Калинка сбежала. Так же исчезли оружие, одежда и остаток денег. На деревянном полу сиротливо желтело послание ушкурников императору – хватило мозгов не брать. Броситься на поиски? Ну-ну, в чужом городе, без одежды и оружия, с беременной спутницей на руках…
Лошадь с повозкой наверняка тоже уведены. Весело.
А это что? Из-под третьей подушки торчал мешок с лекарством. Вспомнилось: «Веди в войско пахана. – Зачем? – Ненавижу их». Калинка решила мстить? Скорее, просто наплевала на все, чтобы пожить всласть. По ее же словам, одно другому не мешает. Учитывая темперамент девицы, лепила в скором будущем озолотится. Или через поколение империя вымрет без воспроизводства.
– Ой! – Любослава грузно села, а руки схватились за живот.

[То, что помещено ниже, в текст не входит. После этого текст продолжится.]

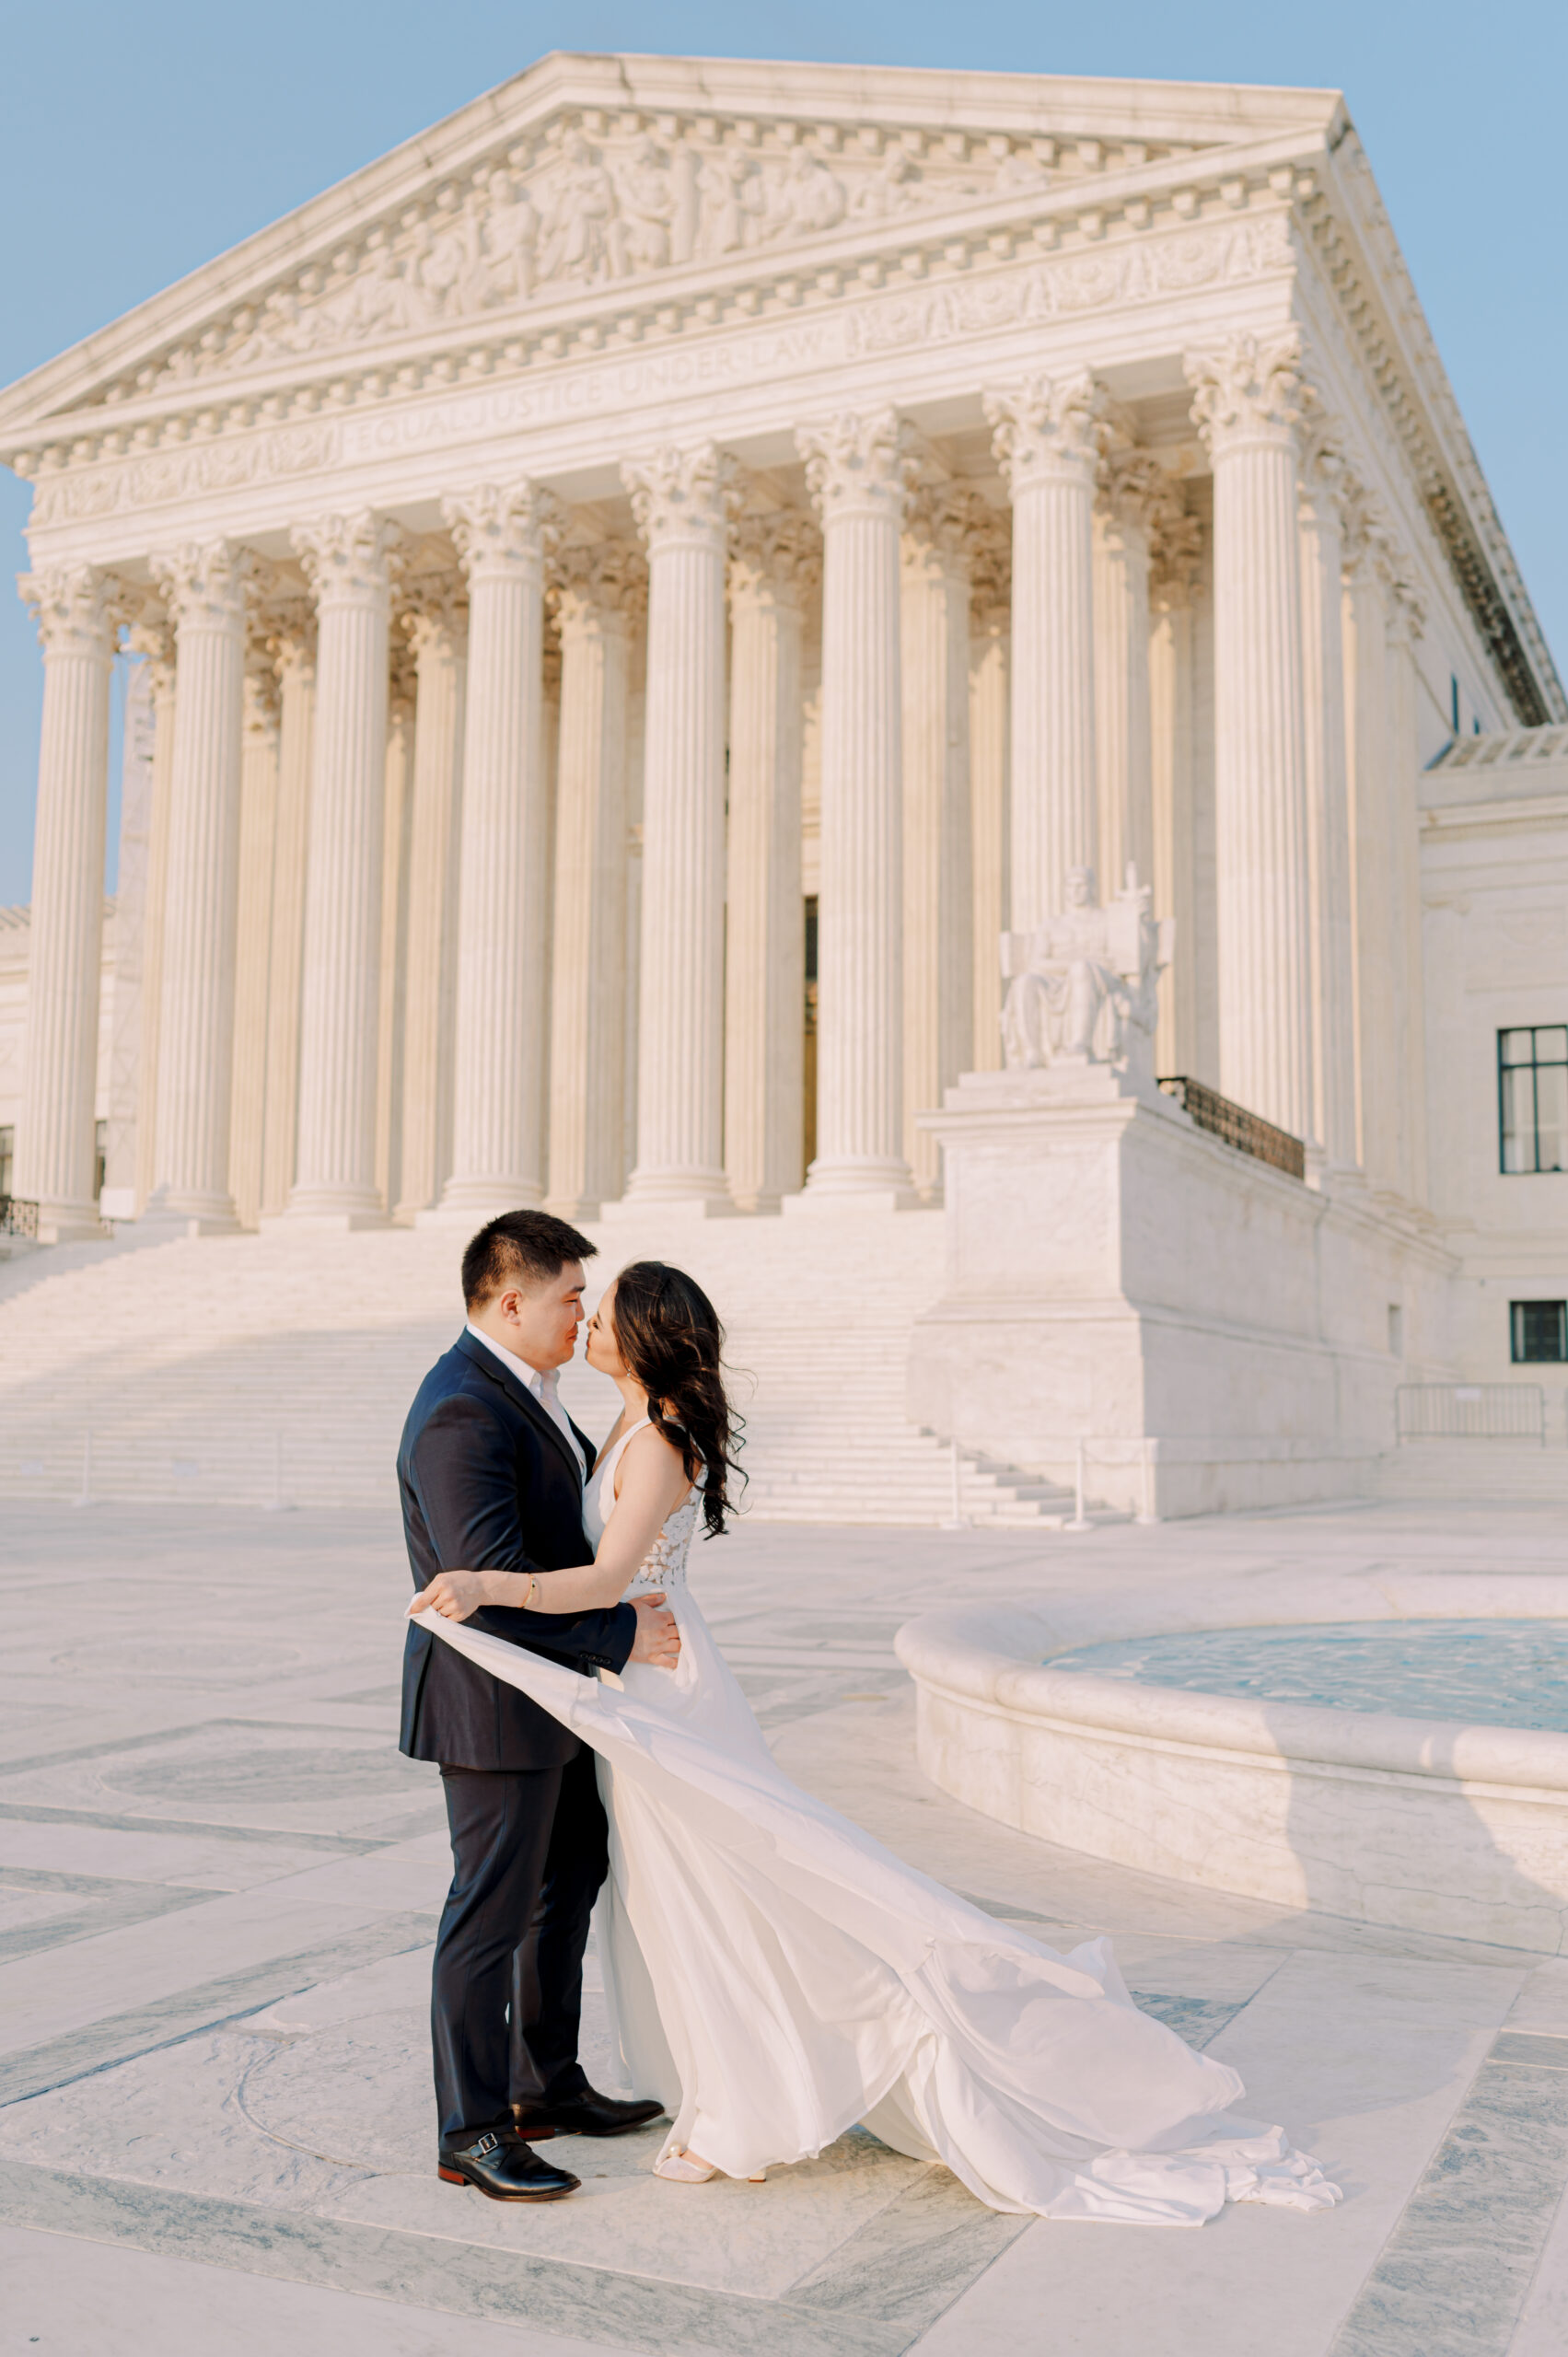 Wedding couple in front of the supreme court

Вот. Именно этого мне не хватало для комплекта. Теперь комплект полон. Или еще не полон?
– Начинается?!
Сквозь зубы запрокинутого лица просочилось:
– Давно началось. Я не из-за Калинки разбудила.
– Уверена? – Может, пронесет? Может, не сейчас? Может, еще сплю?
– Выделения и боли уже с неделю, я просто не говорила. – Любослава перевела дух. – Схватки идут несколько часов.
– Что делать?
Мне всегда казалось, что я умный и находчивый. Надо же так ошибаться. Изображать столб почему-то не помогало, а на другое не хватало фантазии.
– Нужен обеззараживатель.
– Обез… как он выглядит?
– Скажи содержателю, поймет.
Подхваченное покрывало взлетело на плечи, коридор промелькнул, лестница едва не проломилась. Бешеный взгляд шарахнулся по сторонам: тускло озаренный холл казался пустым. Нет, за стойкой что-то шевелилось.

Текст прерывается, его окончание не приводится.